Overall, the GenoMycAnalyzer gDST for first-line drugs exhibited excellent predictive values (Fig. 2 and Table 2): 95.9% sensitivity and 97.3% specificity for rifampicin, 91.0% sensitivity and 97.7% specificity for isoniazid, and 89.9% sensitivity and 91.9% specificity for ethambutol. The sensitivity for pyrazinamide was lower than that for other first-line drugs (79.6% sensitivity and 96.2% specificity), which is consistent with a previous report [10]. The predictive values for second-line drugs varied for each drug, with sensitivities ranging from 98.2% (levofloxacin) to 74.9% (capreomycin) and specificities ranging from 98.7% (amikacin) to 79.5% (ethionamide) (Fig. 2 and Table 2). The sensitivity for assigning MDR-TB and XDR-TB was 88.2% (95% CI 86.5–89.7%) and 83.1% (95% CI 72.9–90.7%), respectively.

Table 2 Performances of GenoMycAnalyzer for genotypic drug susceptibility testing

Full size table

Next, we calculated the differences in AUC between the GenoMycAnalyzer and WHO mutational catalogue datasets and found that the predictive values for pyrazinamide, levofloxacin, and kanamycin were significantly better than those reported in the WHO mutational catalogue (Additional file 1: Table S5).
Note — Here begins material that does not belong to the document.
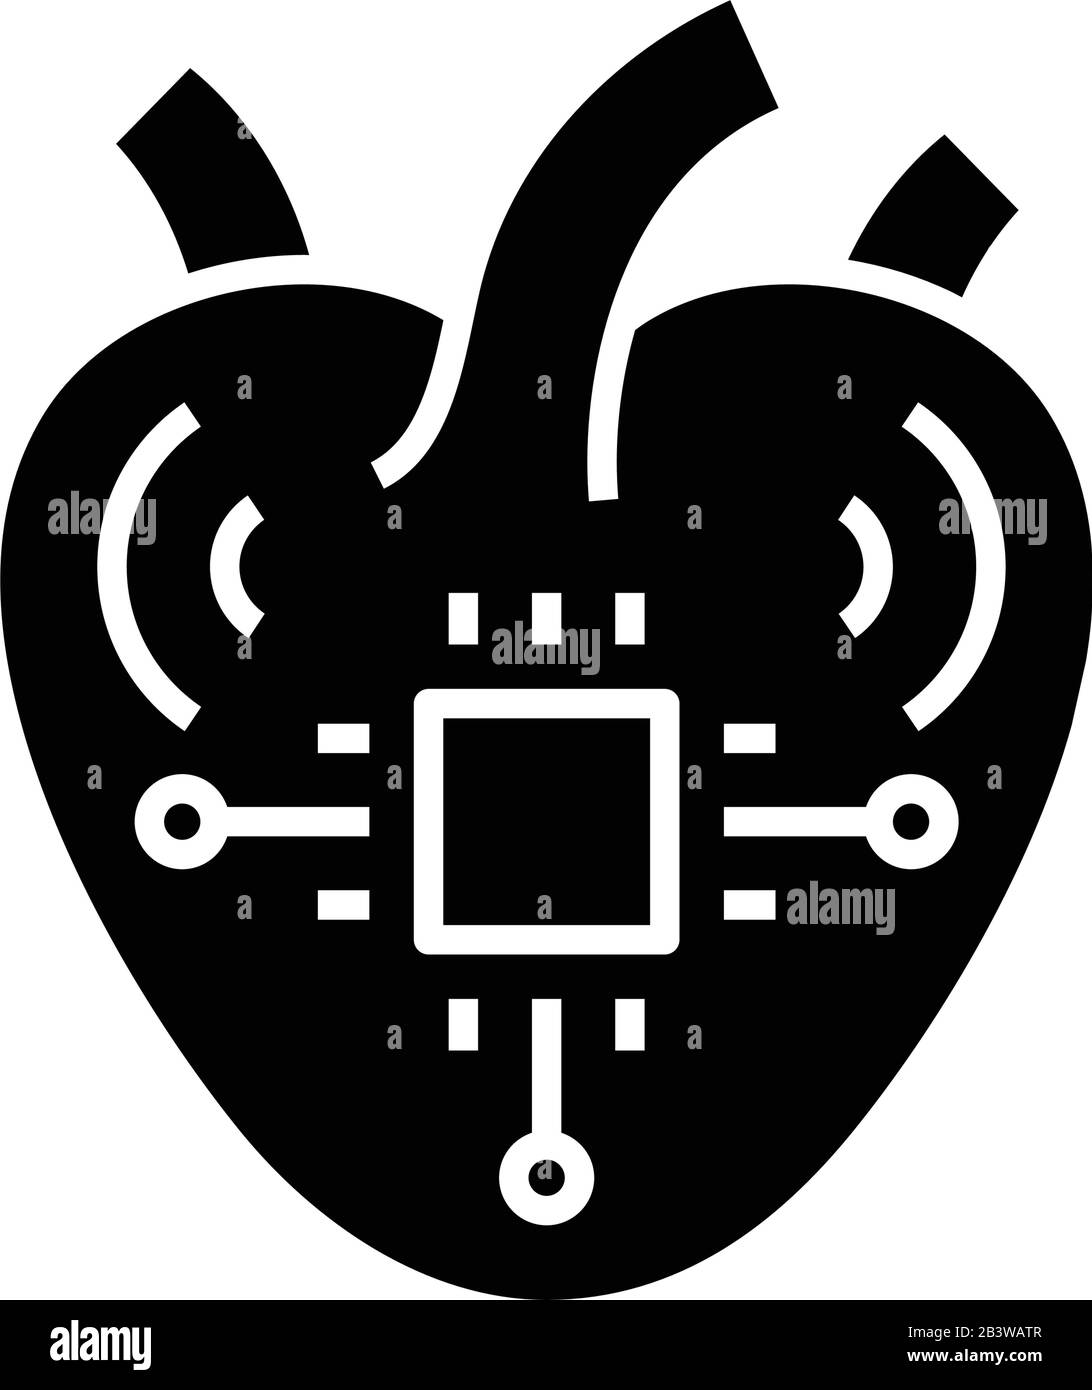 Icône noire en forme de coeur synthétique, illustration conceptuelle, symbole vectoriel plat, signe glyphe. Illustration de Vecteur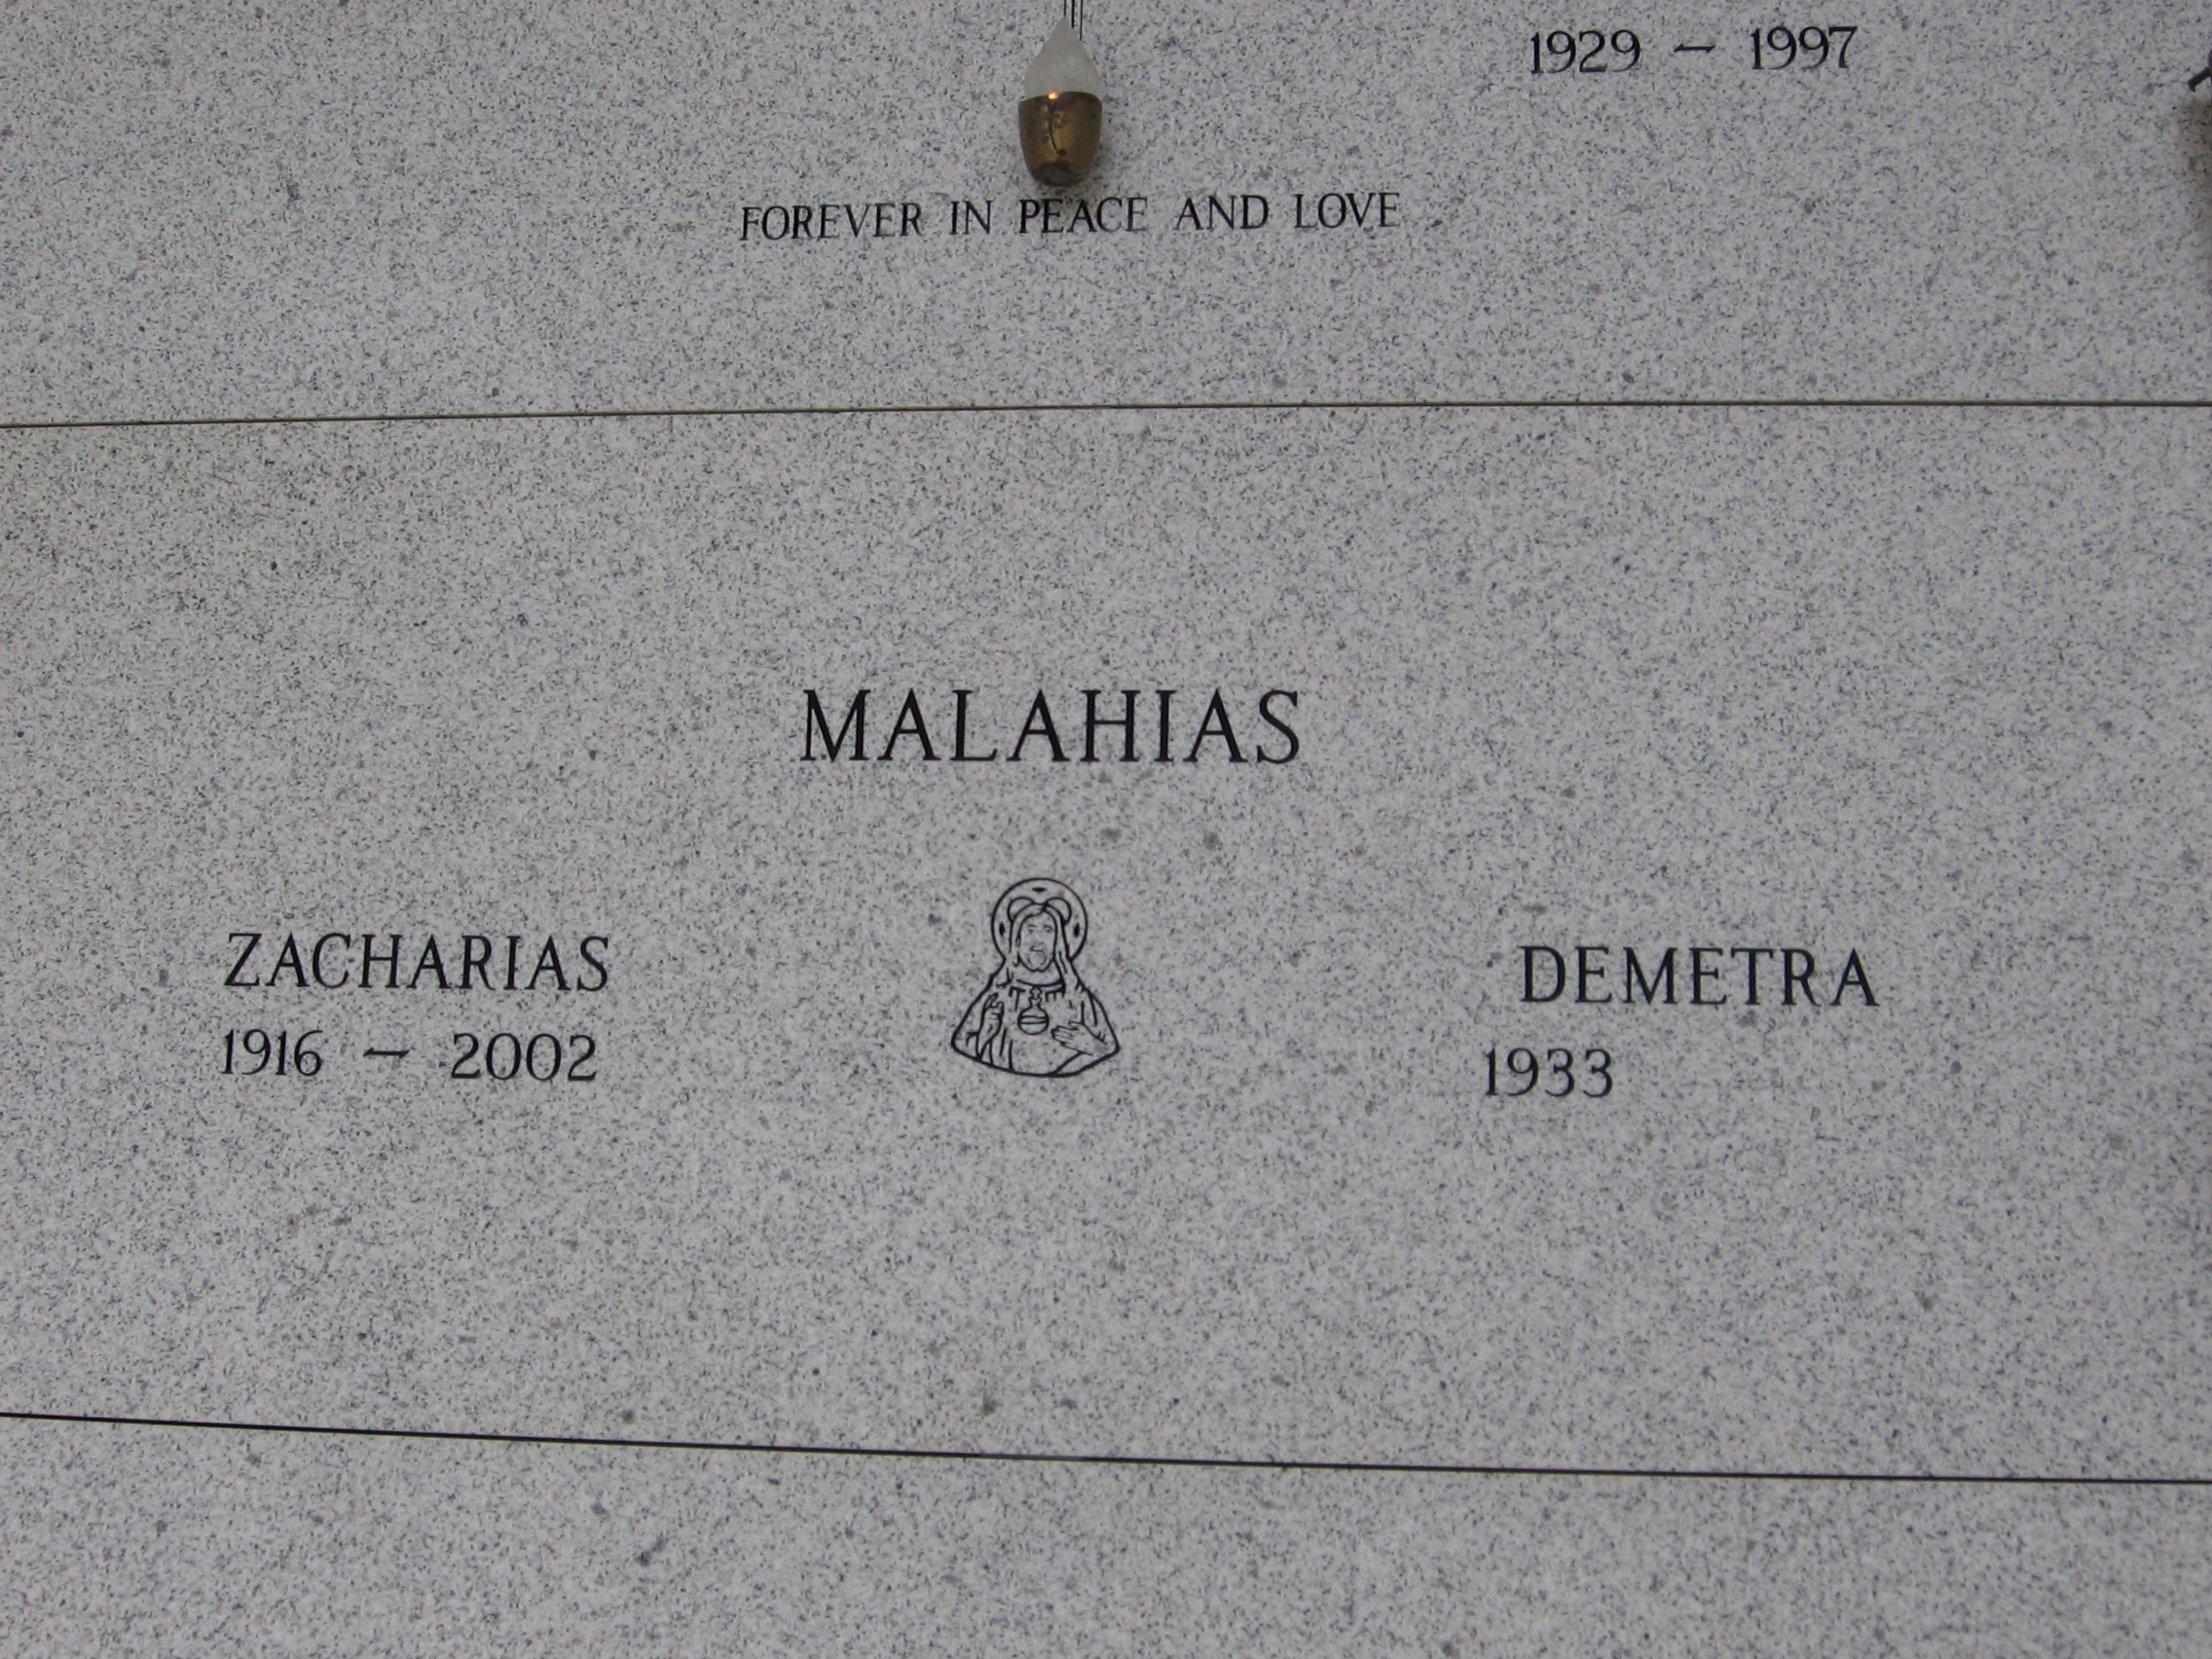 Zacharias Malahias

In contrast, the predictive values for streptomycin and ethionamide were poorer than those of the WHO mutational catalogue. The predictive values for the remaining six drugs were not significantly different from those reported in the WHO mutational catalogue, suggesting the non-inferiority of the GenoMycAnalyzer (Additional file 1: Table S5).

Discordance analysis in resistance predictions

To gain insights into the discrepancies between pDST and gDST, we examined RAVs for rifampicin and isoniazid, for which genotypic resistance mechanisms are well understood. To this end, we further analyzed isolates for which GenoMycAnalyzer predicted resistance while pDST was reported as susceptible (false positive; FP), and vice versa (false negative; FN) using TBProfiler (Additional file 3: Table S6) [19]. GenoMycAnalyzer called 74 FP predictions for isoniazid, and all of them had RAVs corresponding to group 1 or 2 mutations: katG p.S315T (n = 24), fabG1 c.-15C > T (n = 22), fabG1 c.-8 T > C (n = 14), fabG1 p.L203L (n = 7), fabG1 c.-8 T > A (n = 3), katG p.P429fs (n = 2), katG p.199 fs (n = 1), and katG p.Q471* (n = 1). Notably, all variants were consistently detected using TBProfiler except for two isolates. Similarly, all 101 FP predictions for rifampicin by GenoMycAnalyzer had RAVs corresponding to group 1 or 2 mutations, of which 88 (87.1%) were concordant with those of TBProfiler. The most frequent RAV for rifampicin FP predictions were rpoB p.S450L (n = 26) and p.I491F (n = 26), followed by p.L452P (n = 12), p.L430P (n = 8), and p.H445N (n = 5).

Among the 208 FN predictions for isoniazid, 130 isolates (62.5%) were identified as resistant, whereas the remaining 78 isolates (37.5%) were consistently predicted as susceptible (false negative) by TBProfiler (Additional file 3: Table S6). Notably, most variants detected in isolates predicted to be resistant by TBProfiler were also detected using GenoMycAnalyzer (n = 105, 80.8%); however, they were group 3 (uncertain significance) mutations (n = 98) or mutations not included in the WHO mutational catalogue (n = 7). Overall, 88.0% of the isoniazid FN predictions were concordant with TBProfiler. Regarding rifampicin, 62 of the 73 FN predictions made by GenoMycAnalyzer (84.9%) were concordant with those made by TBProfiler.

Detection of large deletions increases the sensitivity of gDST

GenoMycAnalyzer identified 25 large deletions in katG (0.5%), 58 in pncA (1.8%), 69 in gid (2.1%), and nine in ethA (0.8%). In contrast, when large deletions were predicted using DELLY, the number of large deletions detected was higher than that identified using the GenoMycAnalyzer: 114 in katG (2.2%), 36 in pncA (1.1%), 90 in gid (2.8%), and 33 in ethA (2.9%). Most large deletions detected by the GenoMycAnalyzer (63.0%) overlapped with those detected by DELLY, whereas 60 large deletions were specific to the GenoMycAnalyzer (Fig. 3A). Manual inspection using IGV confirmed that all deletions detected by the GenoMycAnalyzer were true positives; however, only 35.1% of the DELLY-specific deletions were true positives (Fig. 3B-D and Additional file 4: Table S7). Comparisons of large deletions with the pDST results revealed that GenoMycAnalyzer had a PPV of 100% for isoniazid, 93.1% for pyrazinamide, 79.7% for streptomycin, and 44.4% for ethionamide, whereas DELLY had a PPV of 71.9% for isoniazid, 83.3% for pyrazinamide, 75.6% for streptomycin, and 24.2% for ethionamide (Additional file 1: Table S8). The sensitivity of the GenoMycAnalyzer gDST, including large deletions, improved to 92.0, 84.5, 83.3, and 80.2% for isoniazid, pyrazinamide, streptomycin, and ethionamide, respectively.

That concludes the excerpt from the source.